The Scrappy Transformation of LesserEvil
When LesserEvil CEO Charles Coristine took over, he didn't have a flashy headquarters. He had a 5,000-square-foot factory in Danbury and a team that included his former wakeboard instructor as the head of marketing.
They were basically winging it.
To save money, they bought used equipment at auctions and hired local welders to modify the machines. They even painted the factory exterior black themselves. People literally pulled off the road to ask if the building was a strip club because the vibe was so... unconventional.
Most snack brands use "co-packers"—middlemen who make the food for you. Coristine realized early on that this was a margin killer. He decided to vertically integrate. This meant LesserEvil would own its own manufacturing. It was a massive headache, but it gave them total control over quality and cost.
Why the "Himalayan Gold" Changed Everything
The big breakthrough didn't happen overnight. It came in 2014 when they leaned hard into organic popcorn popped in coconut oil.
Specifically, their "Himalayan Gold" flavor became a juggernaut.
Most "butter" flavored popcorn uses "natural flavors" that are anything but natural.
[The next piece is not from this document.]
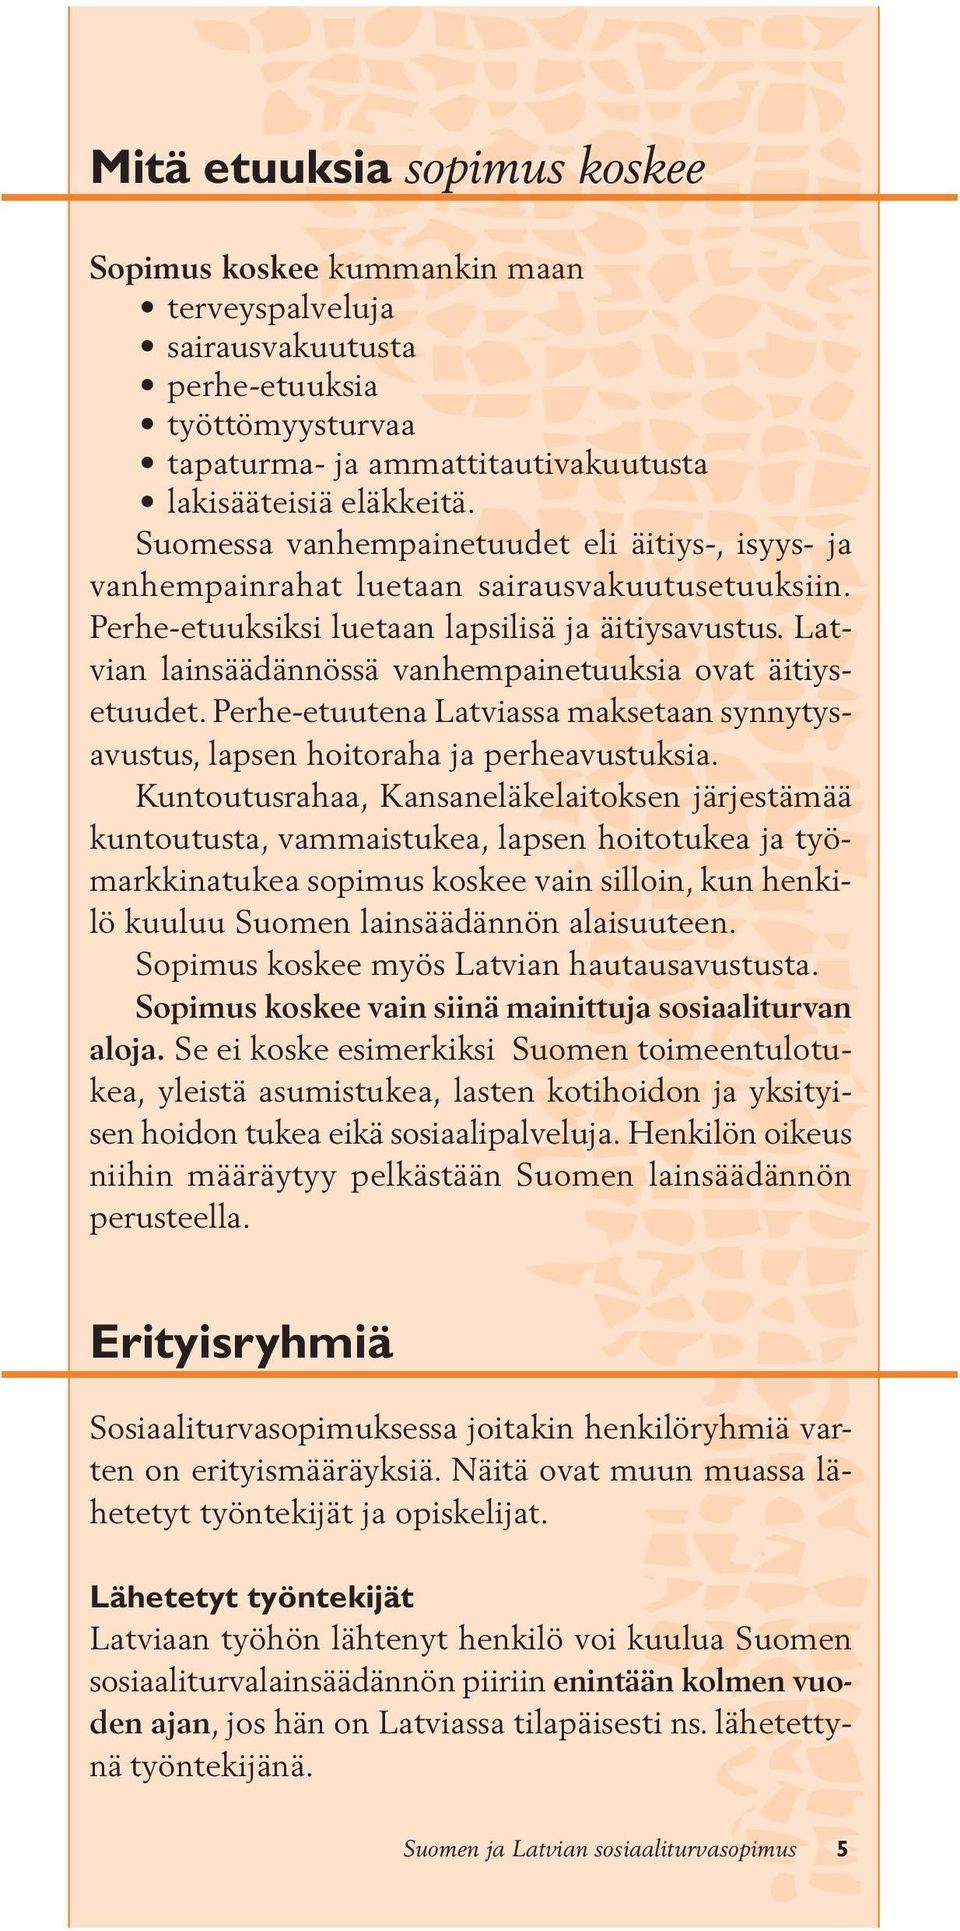 Latvian lainsäädännössä vanhempainetuuksia ovat äitiysetuudet. Perhe-etuutena Latviassa maksetaan synnytysavustus, lapsen hoitoraha ja perheavustuksia.

Coristine pushed for clean ingredients like organic grass-fed ghee from New Zealand and cold-pressed coconut oil from the Philippines. By owning the factory, they could keep the price competitive with the "junk" snacks while keeping the quality sky-high.
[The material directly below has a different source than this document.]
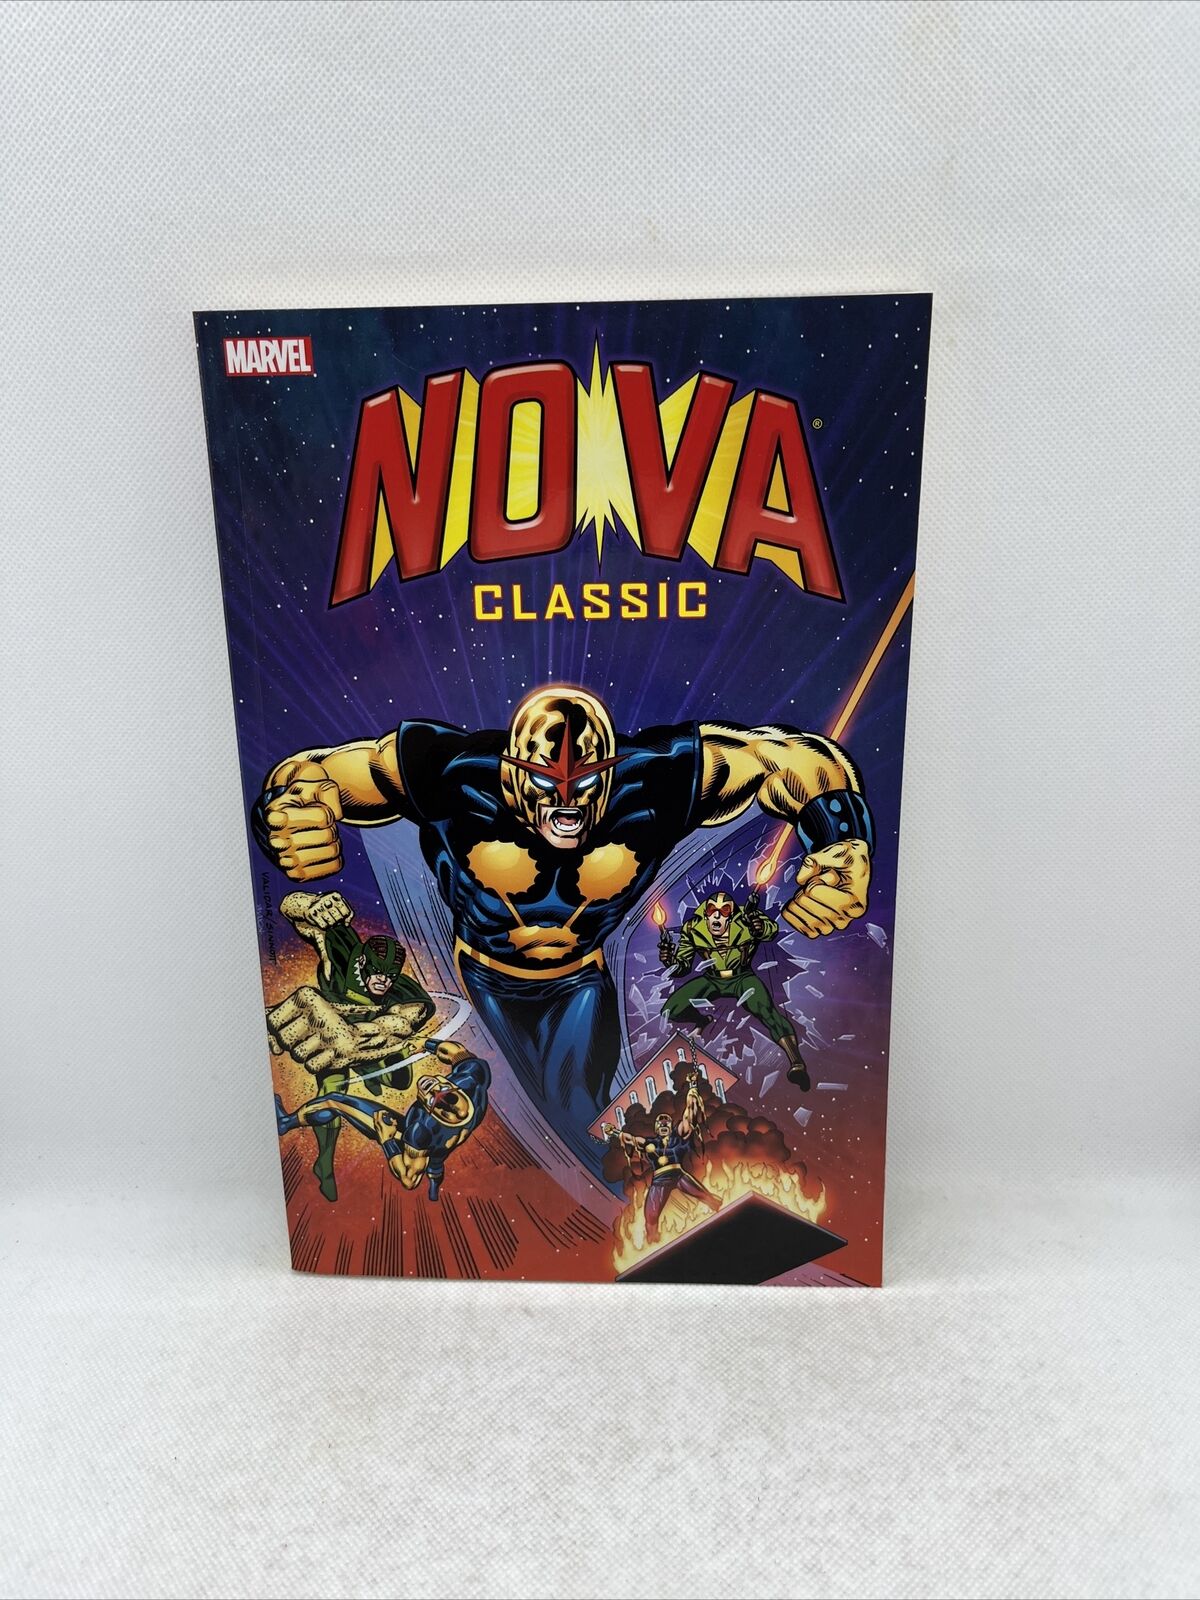 Nova Classic Volume #2 (Marvel, December 2013) Graphic Novel

By 2023, the company was hitting $103.3 million in gross sales. They weren't just a niche health brand anymore; they were a household name sitting on the shelves of Target, Costco, and Whole Foods.
Leadership Style: Mindfulness and "Slow" Growth
You’d expect a former bond trader to be all about the "hustle and grind," but Coristine took the opposite approach. He’s big on meditation and mindfulness. He’s been known to check on the production lines three or four times a day, not to micromanage, but because he’s genuinely obsessed with the product.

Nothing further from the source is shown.